In the above example, the variable n will get a value of 5 after awk has finished processing the table.txt file. Here's an example where FS is changed between two files.

$ cat table.txt
brown bread mat hair 42
blue cake mug shirt -7
yellow banana window shoes 3.14
$ cat books.csv
Harry Potter,Mistborn,To Kill a Mocking Bird
Matilda,Castle Hangnail,Jane Eyre

# for table.txt, FS will be the default value
# for books.csv, FS will be the comma character
# OFS is comma for both the files
$ awk -v OFS=, 'NF=2' table.txt FS=, books.csv
brown,bread
blue,cake
yellow,banana
Harry Potter,Mistborn
Matilda,Castle Hangnail

info See stackoverflow: extract positions 2-7 from a fasta sequence for a practical example of changing field/record separators between the files being processed.

Summary

This chapter introduced few more special blocks and variables are that handy for processing multiple file inputs. These will show up in examples in the coming chapters as well.

Next chapter will discuss use cases where you need to take decisions based on multiple input records.

Exercises

info The exercises directory has all the files used in this section.

1) Print the last field of the first two lines for the input files table.txt, scores.csv and fw.txt. The field separators for these files are space, comma and fixed width respectively.
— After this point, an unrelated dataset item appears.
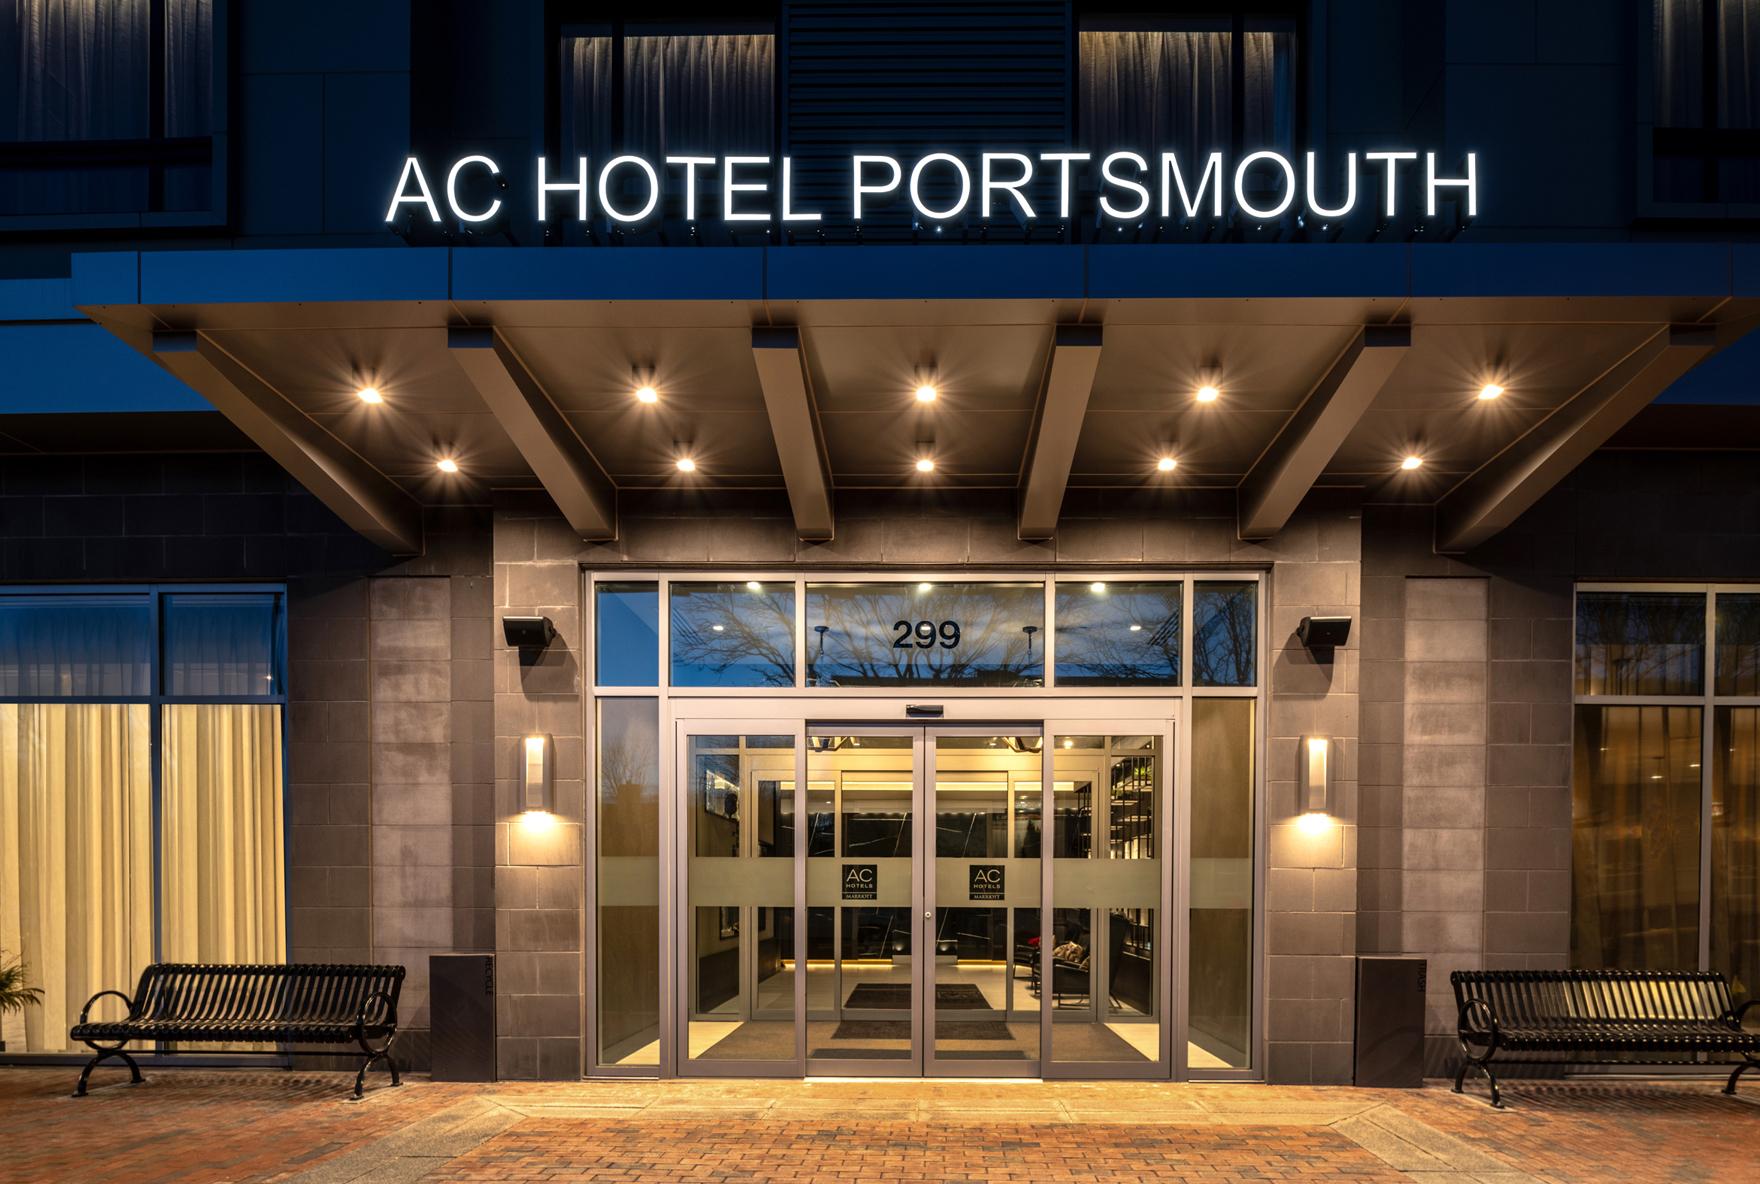 Ac Hotel Portsmouth Exterior Signage
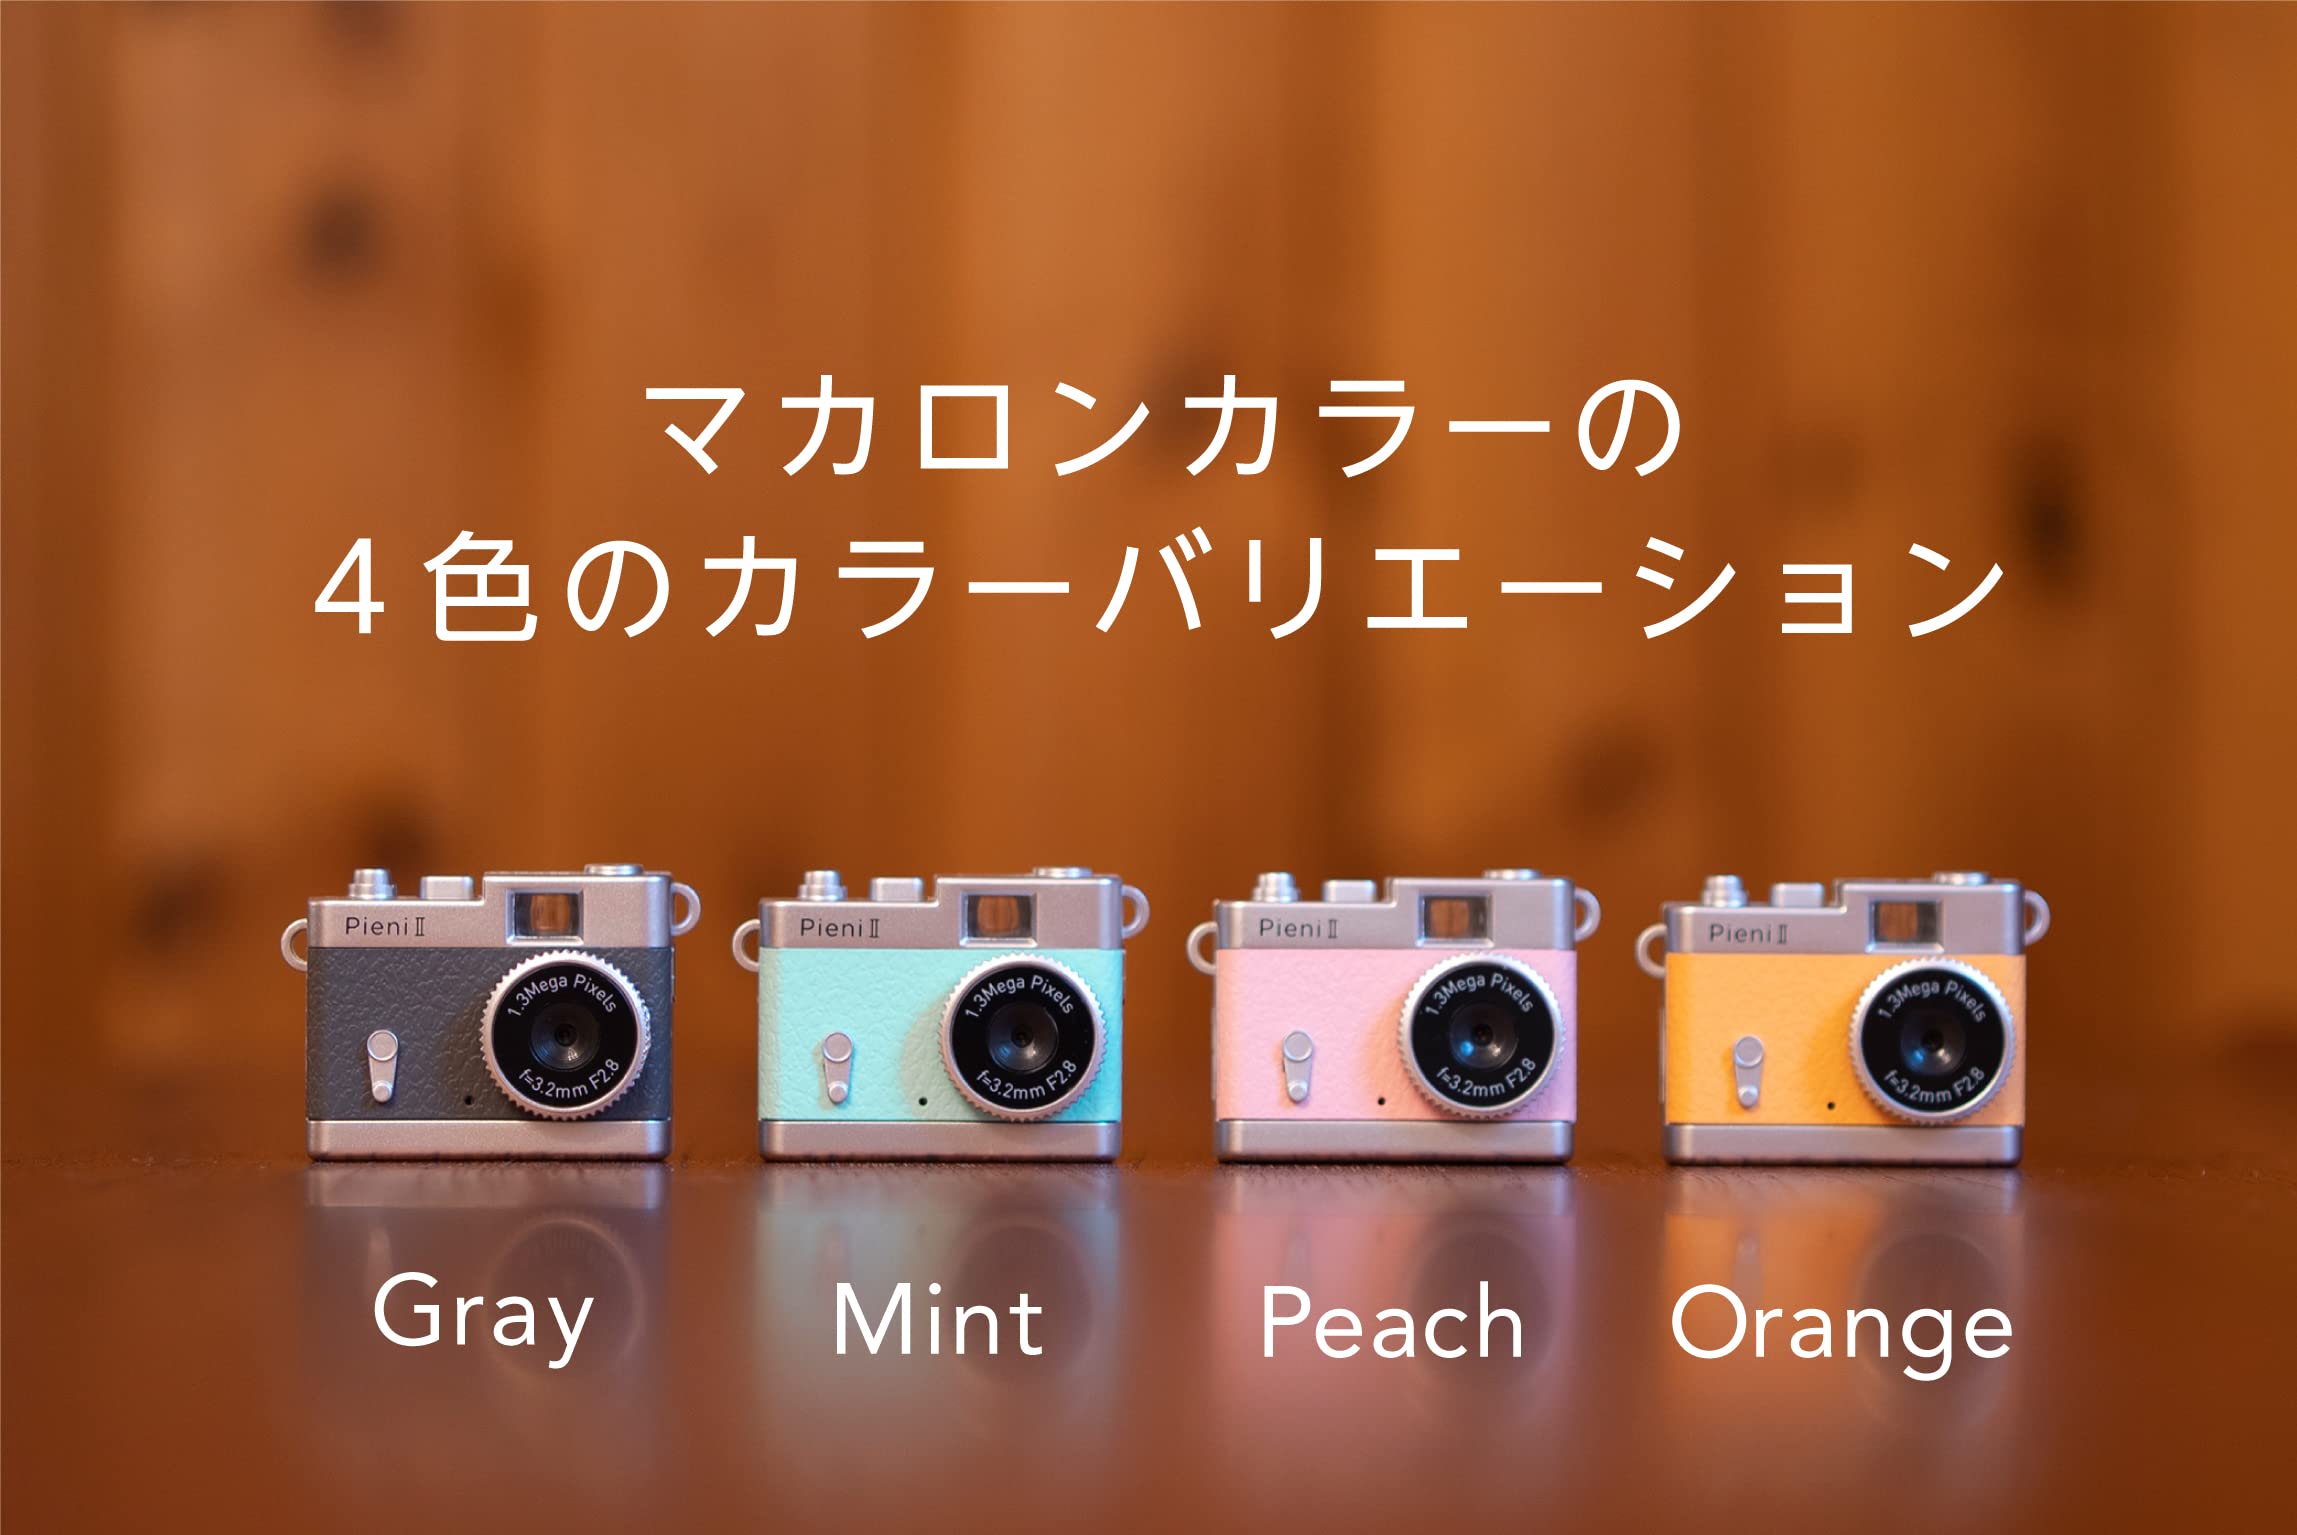 Kenko Pieni II 144312 Digital Toy Camera, Gray Keychain Set, 1.31 Megapixels, Photo and Video Capture, Micro SD Card Slot

To make the output more informative, print filenames and a separator as shown in the output below. Assume that the input files will have at least two lines.

$ awk ##### add your solution here
>table.txt<
42
-7
----------
>scores.csv<
Chemistry
99
----------
>fw.txt<
0.134563
6
----------

2) For the input files sample.txt, secrets.txt, addr.txt and table.txt, display only the names of files that contain at or fun in the third field. Assume space as the field separator.

$ awk ##### add your solution here sample.txt secrets.txt addr.txt table.txt
secrets.txt
addr.txt
table.txt